Work order: Once the line holding "Pathways flyer_Sam Houston" is found, output it and all remaining lines of the data exactly, with every picture left out.

[Opening Dataset section section]

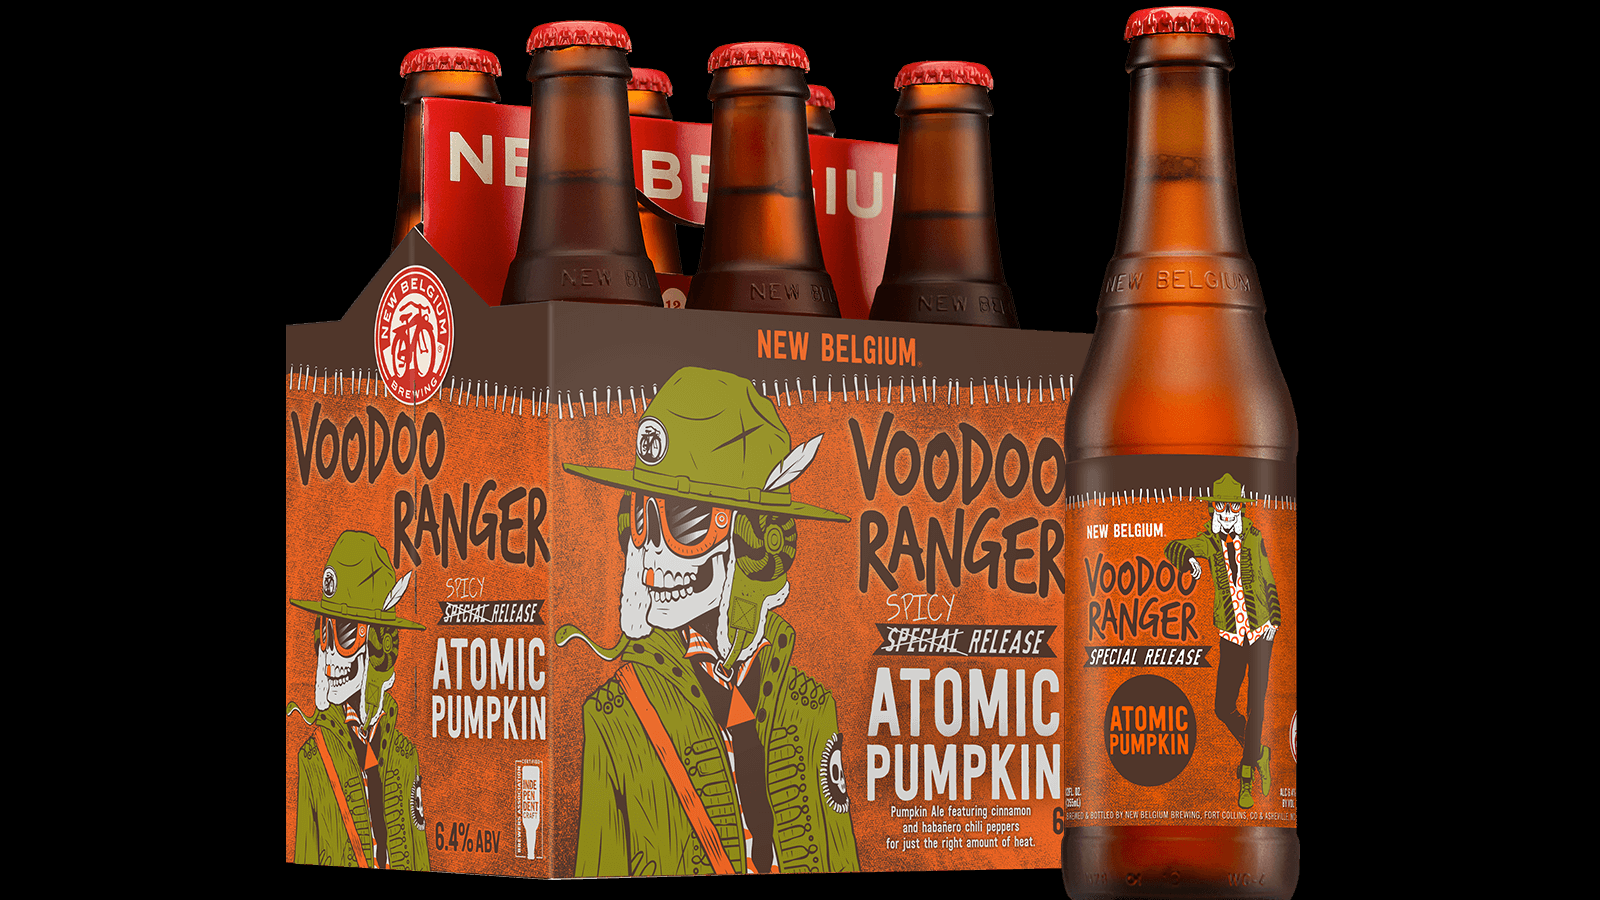 new-belgium-brewing-co-debuts-voodoo-ranger-atomic-pumpkin-the-beer
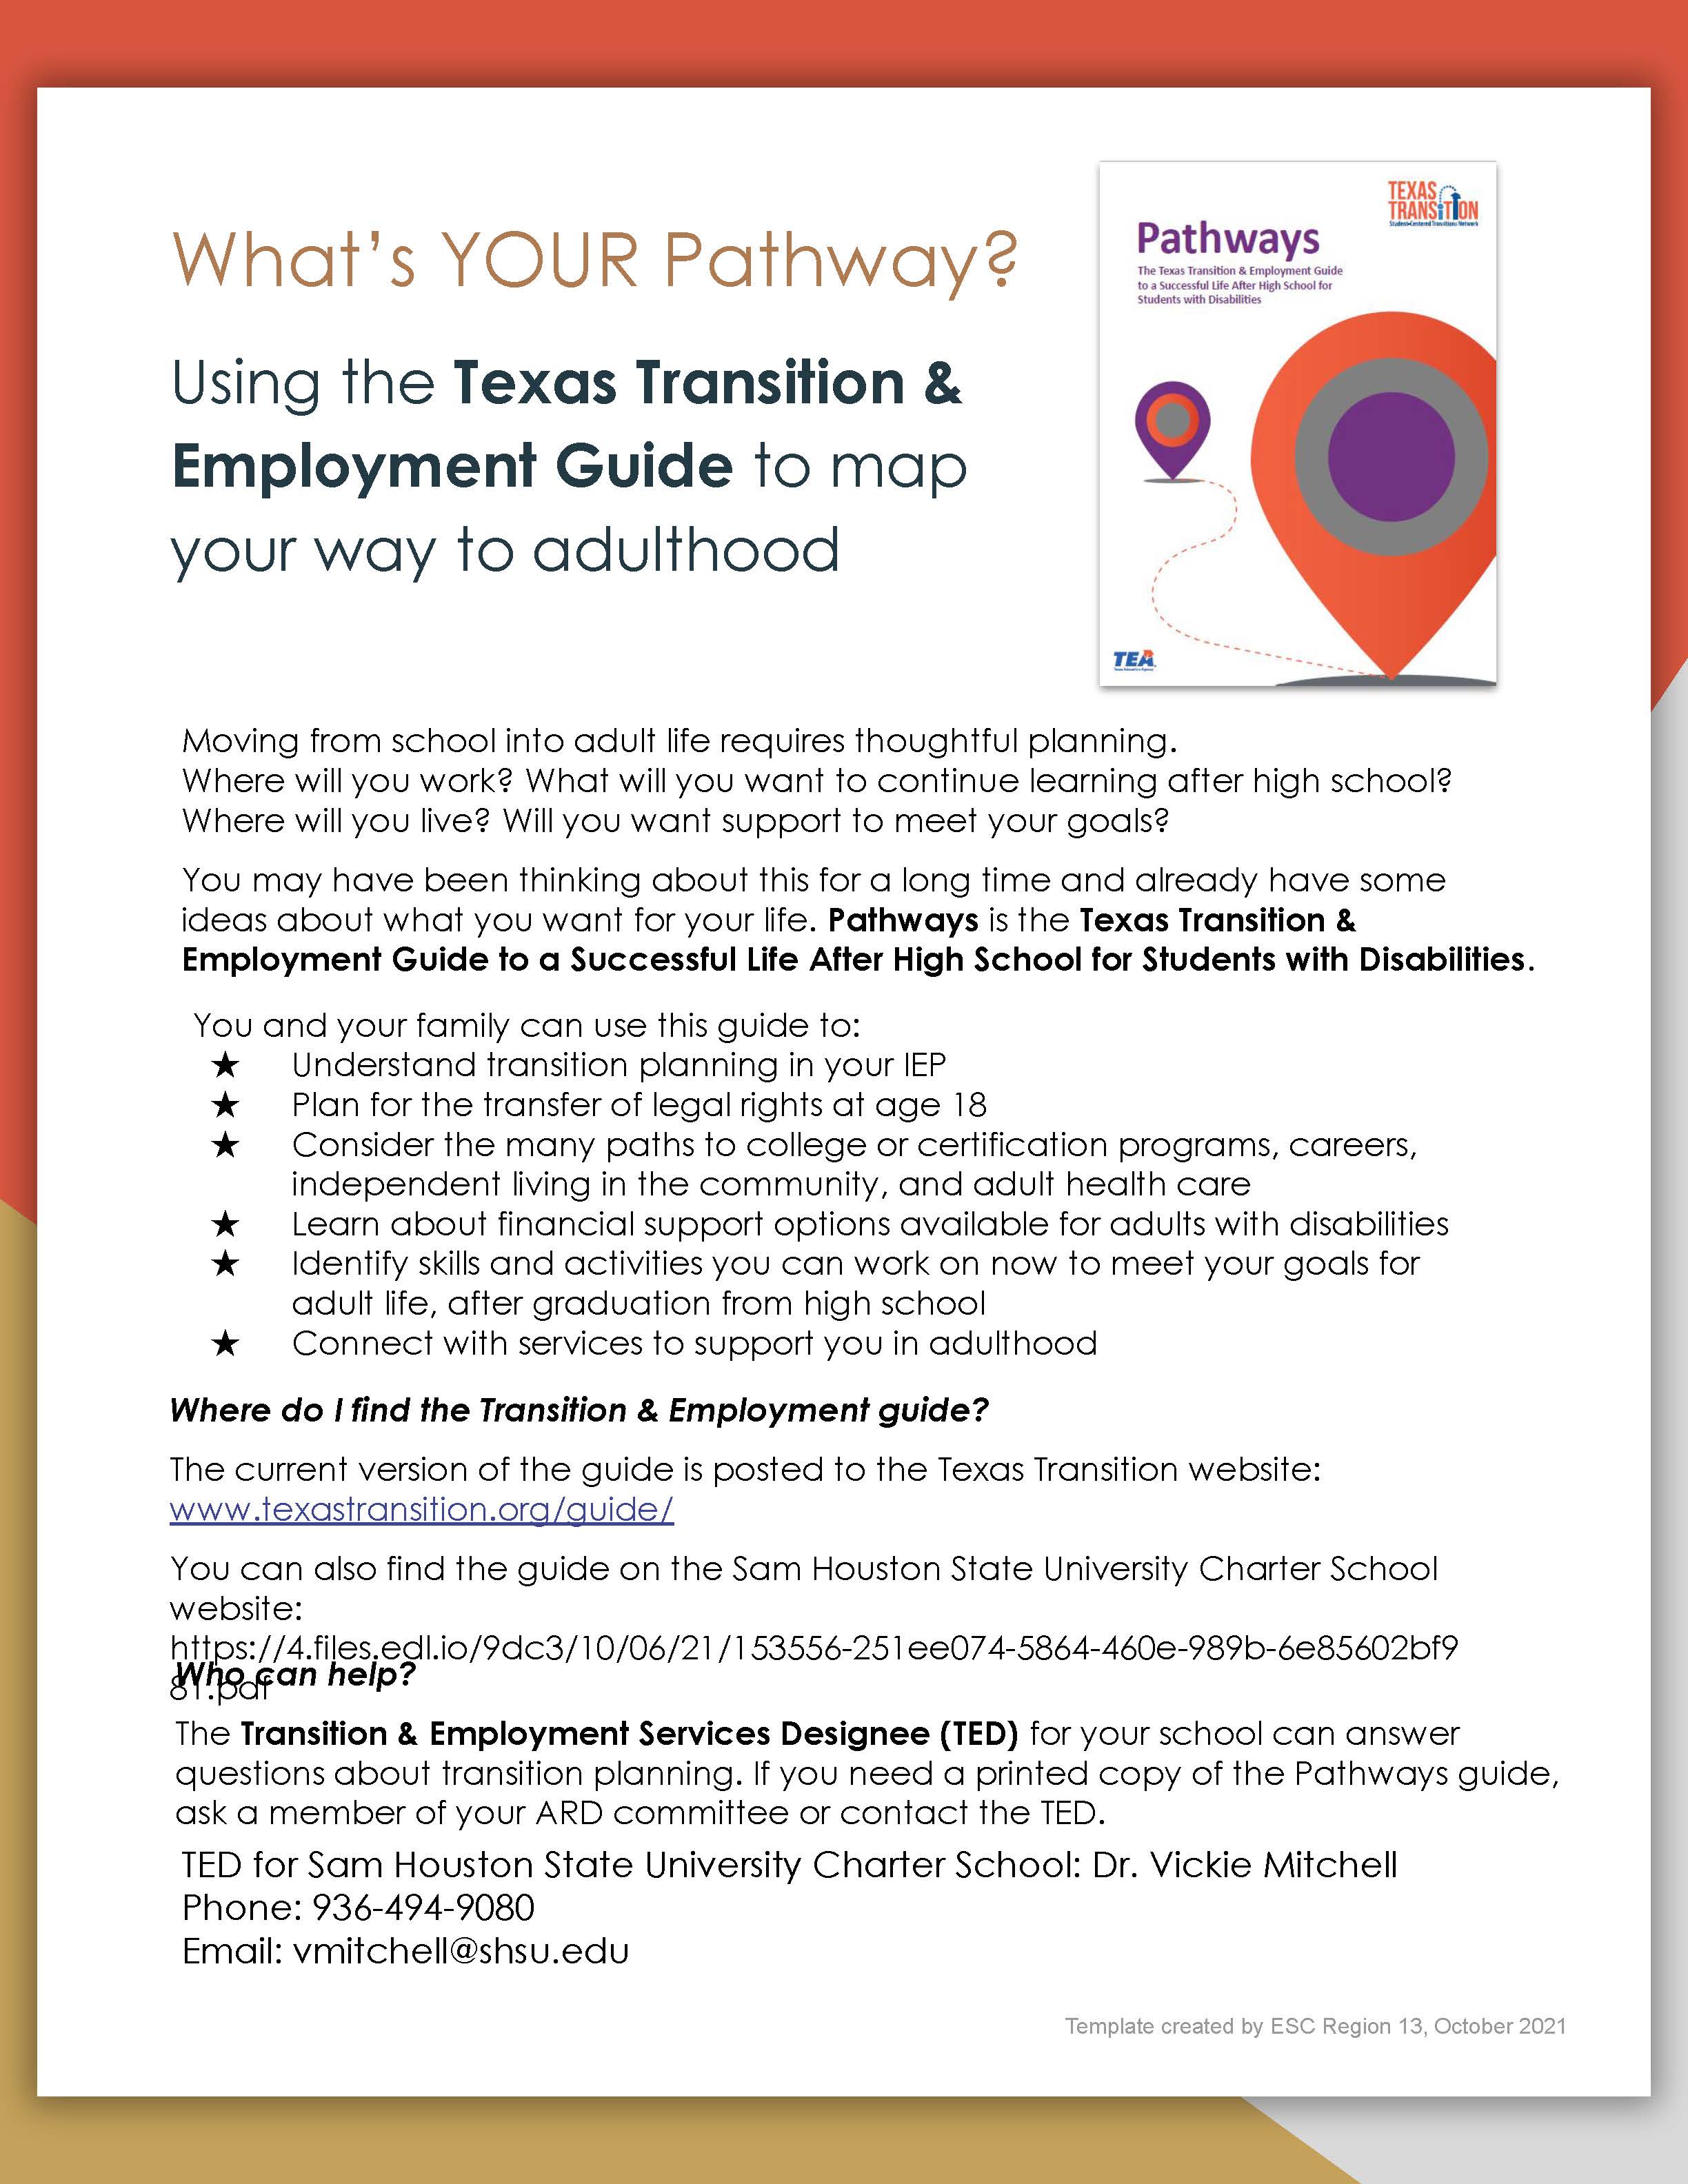 Pathways flyer_Sam Houston State University Charter School (1)
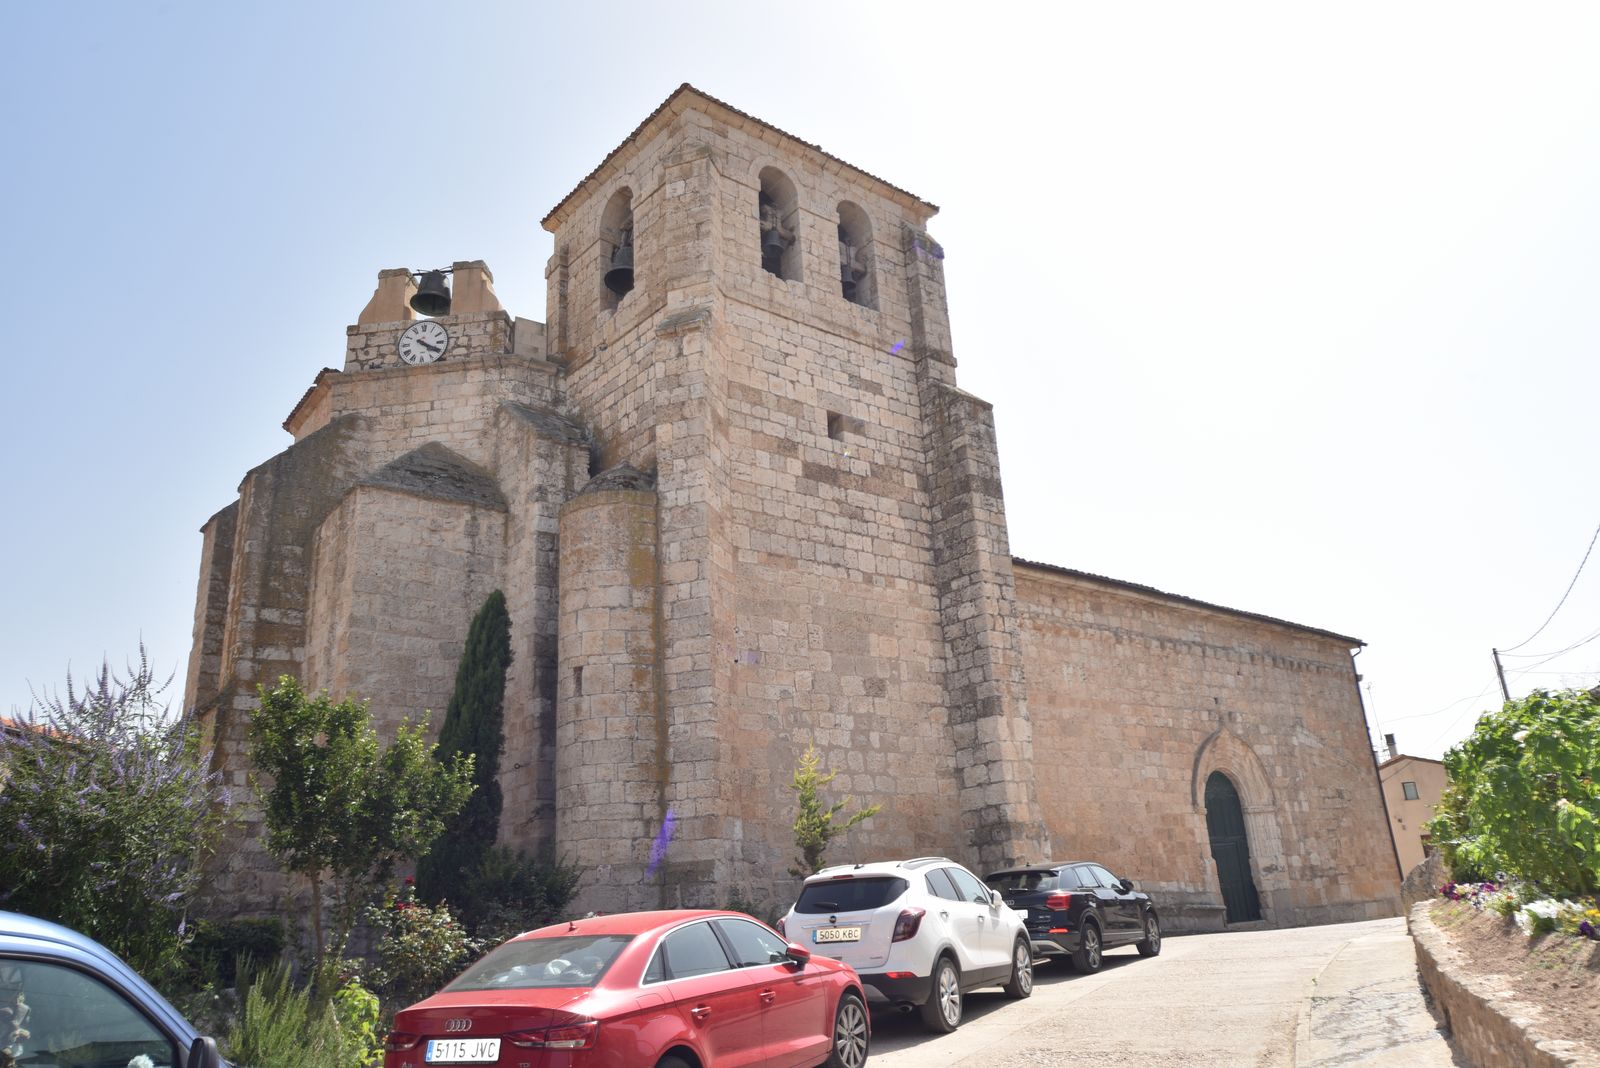 Iglesia de Santa Maria en Curiel de Duero Turismo | Enoturismo Ribera del Duero

[Closing Dataset section section]

Answer to this exercise:
 Pathways flyer_Sam Houston State University Charter School (1)
 Iglesia de Santa Maria en Curiel de Duero Turismo | Enoturismo Ribera del Duero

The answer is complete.